Como veremos, aunque es evidente la habilidad de Bastiani para utilizar la perspectiva como herramienta científica para la distribución de volúmenes, ello no implica necesariamente la búsqueda de una representación naturalista de los temas, tendiendo más bien a reiterar, con algunas ligeras variaciones, formas y módulos compositivos derivados a su vez de fórmulas más antiguas, del siglo XIV, cuando no bizantinas. El modus operandi de Bastiani se aproxima, por tanto, al modelo que Alexander Nagel y Christopher S. Wood(Rinascimento anacronico, ed., Chiodi, Macerata, Milán. Chiodi, Macerata, Quodlibet, 2024) definen como “sustitutivo”, según el cual es posible detectar la “ley de continuidad” entre sus obras y las anteriores, es decir, el carácter anacrónico de su poética, ya que repite, vacila y recuerda el pasado, estableciendo un nuevo presente. Como ha intuido Longhi, este lenguaje, claramente esquemático y geométrico, le permite utilizar “los medios formales del Renacimiento con una finalidad extrafigurativa”, no sólo religiosa, sino sobre todo promocional y conmemorativa. Sólo gracias a una minuciosa investigación filológica y archivística fue posible descifrar la refinada elaboración simbólica de la voluntad de los mecenas, restituyendo el sentido oculto de los temas representados.

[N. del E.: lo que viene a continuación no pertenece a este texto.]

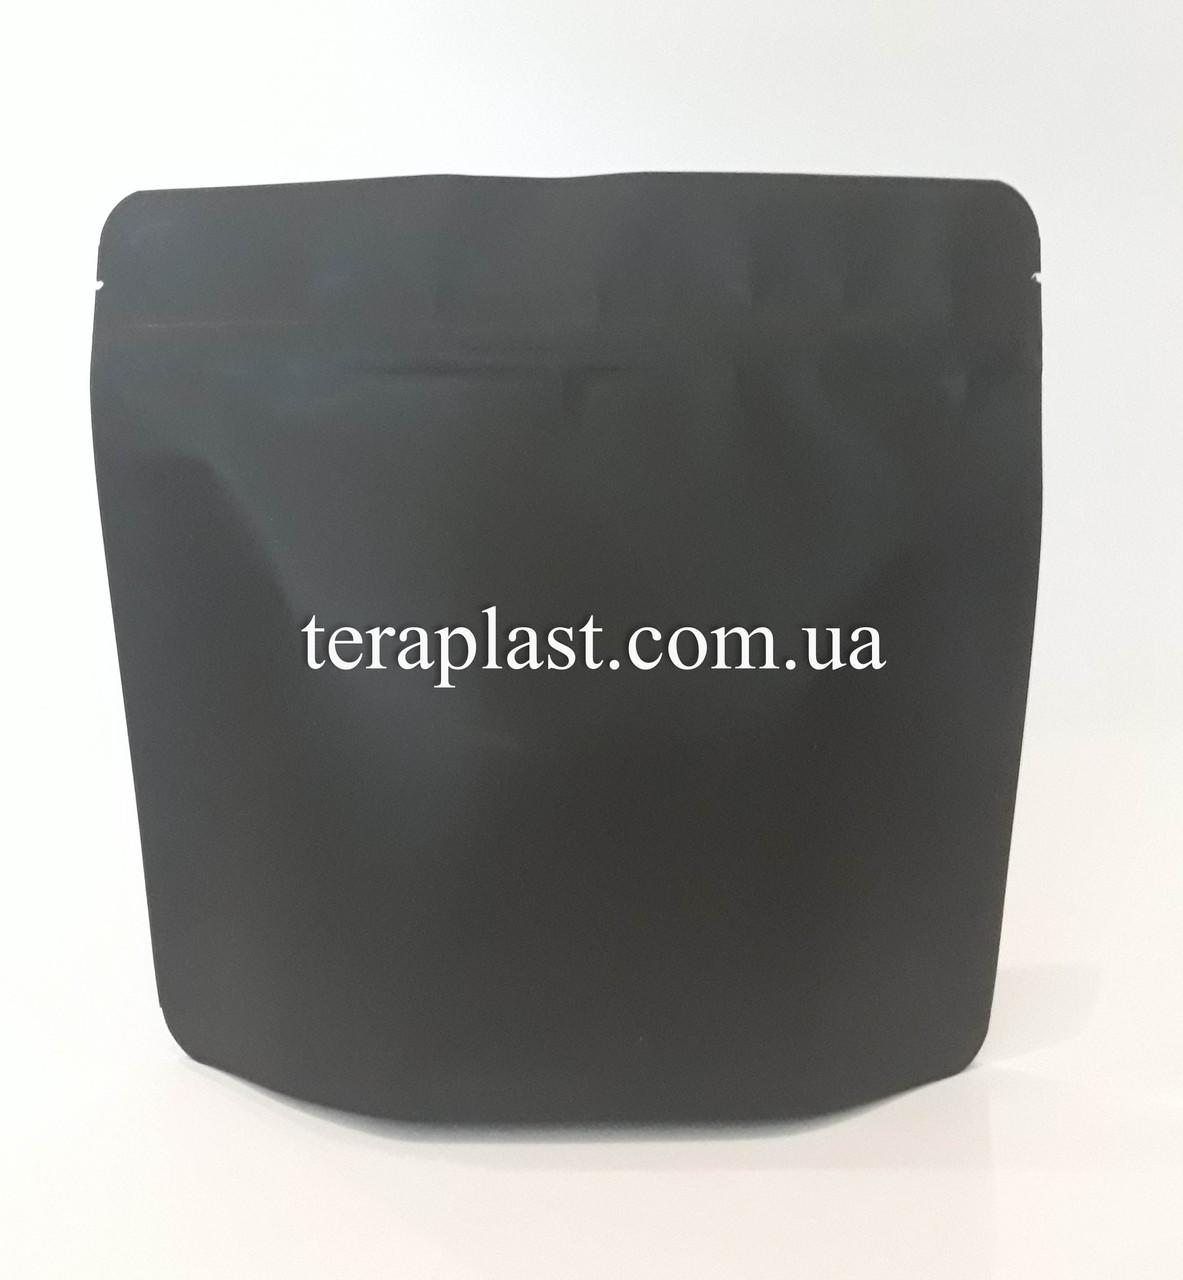 Дой-Пак 300г черный 200х190х36 зип с тактильным лаком

Uno de los ejemplos más elocuentes es el Retablo de San Agustín, hoy en una colección privada de Montevideo, encargado a Bastiani a finales de la década de 1470 por los canónigos regulares agustinos de la iglesia de San Salvador de Venecia, uno de los lugares de culto más antiguos y prestigiosos de la ciudad. La obra adoptó la forma de un políptico de cinco compartimentos, con una Piedad destinada al cimacio y una predela formada por tres paneles, uno de los cuales representaba, según Ridolfi, “al Pontífice en medio de los cardenales” entregando el hábito episcopal al santo. Los frailes agustinos habían pedido a Bastiani que narrara dos momentos precisos de la historia de la congregación de San Salvador: la institución sancionada por el Papa Gregorio XII en 1407 y la asignación del complejo veneciano a los canónigos regulares agustinos de Bolonia por el Papa Eugenio IV, nacido Gabriele Condulmer, en 1442. En el cuadro, los volúmenes que San Agustín entrega a los hermanos, con el escapulario y el rochetto blanco, muestran elincipit de la regla agustiniana y remiten a estos dos importantes acontecimientos de la historia institucional de la congregación, a los que se añade en la predela el episodio de la investidura episcopal del santo. Bastiani estableció así un fructífero diálogo con los canónigos para restaurar la memoria del lugar, favoreciendo una narración figurativa, elegante y alusiva.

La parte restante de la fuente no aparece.